As students and professors move across campuses, they leave plenty of digital traces—such as when their smartphones connect to Wi-Fi hotspots, or when they swipe their keycards to unlock buildings or enter dorm rooms.
Some campus officials plan to use that data to try to contain COVID-19 when campuses reopen in the fall. That information, they say, can be useful to health officials trying to track down people who have come in contact with students or professors infected with the virus.
But tapping into such data systems is unusual, if not unprecedented, and some worry about whether the practice overly invades personal privacy.
One campus embracing the approach is Oklahoma State University, which plans to lean on data from its 5,100 Wi-Fi access points, as well as card-swipe data and class attendance records as part of its contact-tracing program when students return to campus next month.
The plan is to work with the university’s health services and the local health department. Once a person at the university is known to be positive for COVID-19, the university’s institutional research office will plug that name into its data system. The system will then generate a list of others on campus who have come in contact with the person for at least 15 minutes in the past 48 hours, says Christie Hawkins, associate vice president for administration and finance and director of institutional research and information management at Oklahoma State.
Being on that list will have no immediate impact or consequence. (It will not, for instance, lead to automatic quarantine.) But the information will be used by officials doing manual contact tracing as they try to identify those at risk.
“Our role is really to speed up the process of finding out who [an infected] person has come in contact with so health officials can respond,” says Hawkins. “We are doing everything we possibly can to make sure that our campus, students, faculty and staff are safe and healthy.”
Often, students don’t even know the name of the person sitting next to them in class, which can make it tough to identify people who an infected person potentially exposed, adds Larry Burns, assistant director of institutional research and information management at the university.
Officials say relying on technology that people already use, rather than asking them to download a contact-tracing app developed by the likes of Apple and Google, offers a more convenient way to support contact-tracing efforts. After all, most students carry smartphones attached to the campus Wi-Fi network, or use laptops in class that connect to campus hotspots.
The university is using a data analytics service developed by SAS, an analytics and software company. University officials say their system will be able to create visualizations that show public spaces on campus where an infected person may have spent time before they were quarantined. “We can then use that type of visual to see if there’s an area on campus where there’s been numerous people that have been in contact, and if there’s areas that need deep cleaning,” says Hawkins.
Officials plan to inform the campus community about the tracing effort, and notify users when they log into the network that “OSU explicitly reserves the right to share necessary information from its computing system with appropriate authorities during a health and/or public safety emergency.”
There will be no way to opt out, other than by not connecting to the campus network.

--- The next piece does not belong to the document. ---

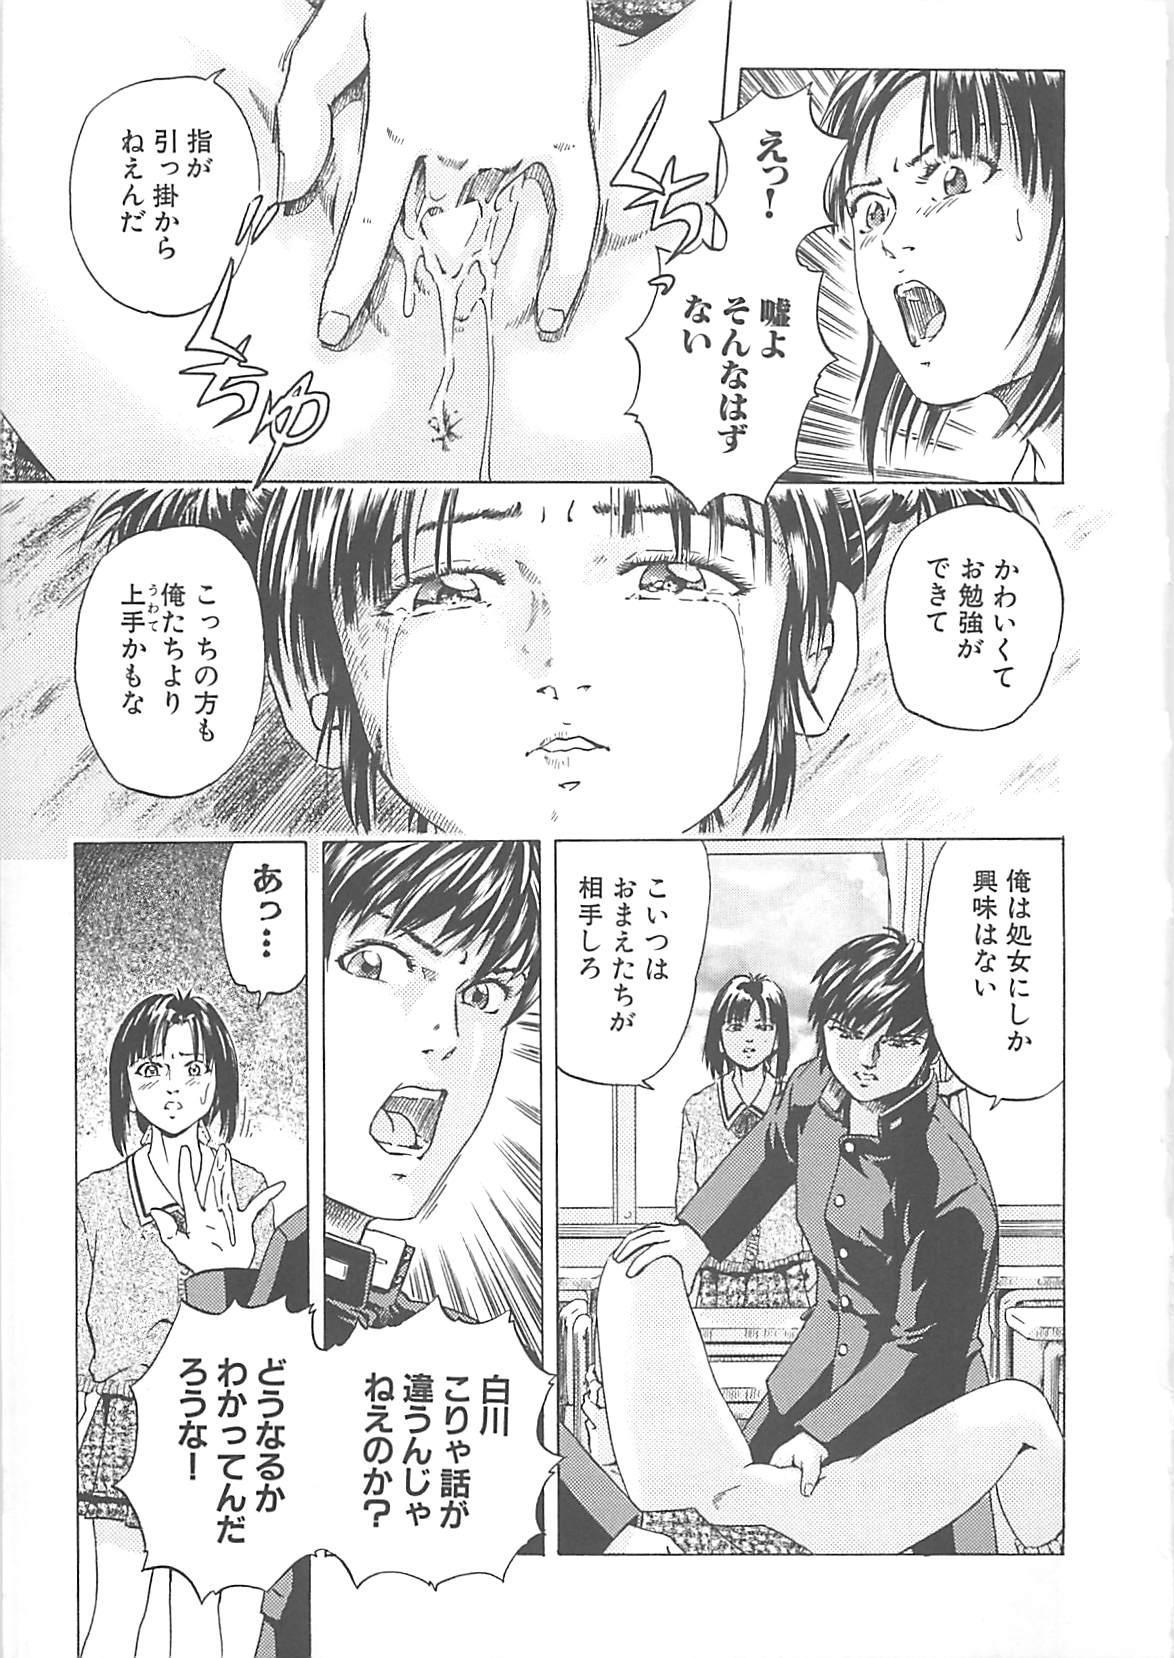 Kanin Kyoushitsu - Adultery Classroom 105

Balancing Health and Privacy
That seems to go against a best-practice recommended in a recent report by EAB, an education consulting firm, which says the use of contract-tracing apps should be voluntary. That said, the report and other experts note that participation in any tracing program must be widespread to be effective.
Iris Palmer, senior advisor for the Higher Education and Workforce, Education Policy Program for New America, told EdSurge that Wi-Fi access data might not be precise enough to be effective for contact tracing. And she worried about the potential for privacy problems as well.
“There’s always tradeoffs to using this data,” she said. “As long as you’re really, really transparent with students, it might be OK, but I do think you need to give people an option to opt out because it is very invasive.”
Hawkins, of Oklahoma State, says the university is taking extra steps to safeguard data used in the project and to follow federal student privacy and medical privacy laws. She says the university will only keep the data for one month, and then it will be deleted.
She stressed that the plan is to discontinue the tracing effort as soon as the pandemic is under control. “This isn’t an ongoing initiative—we’re not going to continue to track Wi-Fi,” she added. “These are unprecedented times that justify the need to utilize this data.”
While many campuses could enact a system like the one OSU is building, it appears to be rare, if not one of a kind.
Shaun Barry, global leader for government, healthcare, and utilities at SAS, the data analytics company working with the university, says that privacy concerns, and the fact that some campus networks are not set up to identify the locations of users with much accuracy, have kept most colleges from adopting the approach.
But already, he said, many colleges are tapping into their student-record systems as they set up contact tracing programs so that they can quickly look up things like which classes a student is enrolled in. “Just to know that [a student] is in Alumni Hall in Classroom 101, and that they’re supposed to be there on Monday, Wednesday and Friday from 9 am to 11 am … can make sure those contact tracing interviews are better and faster.”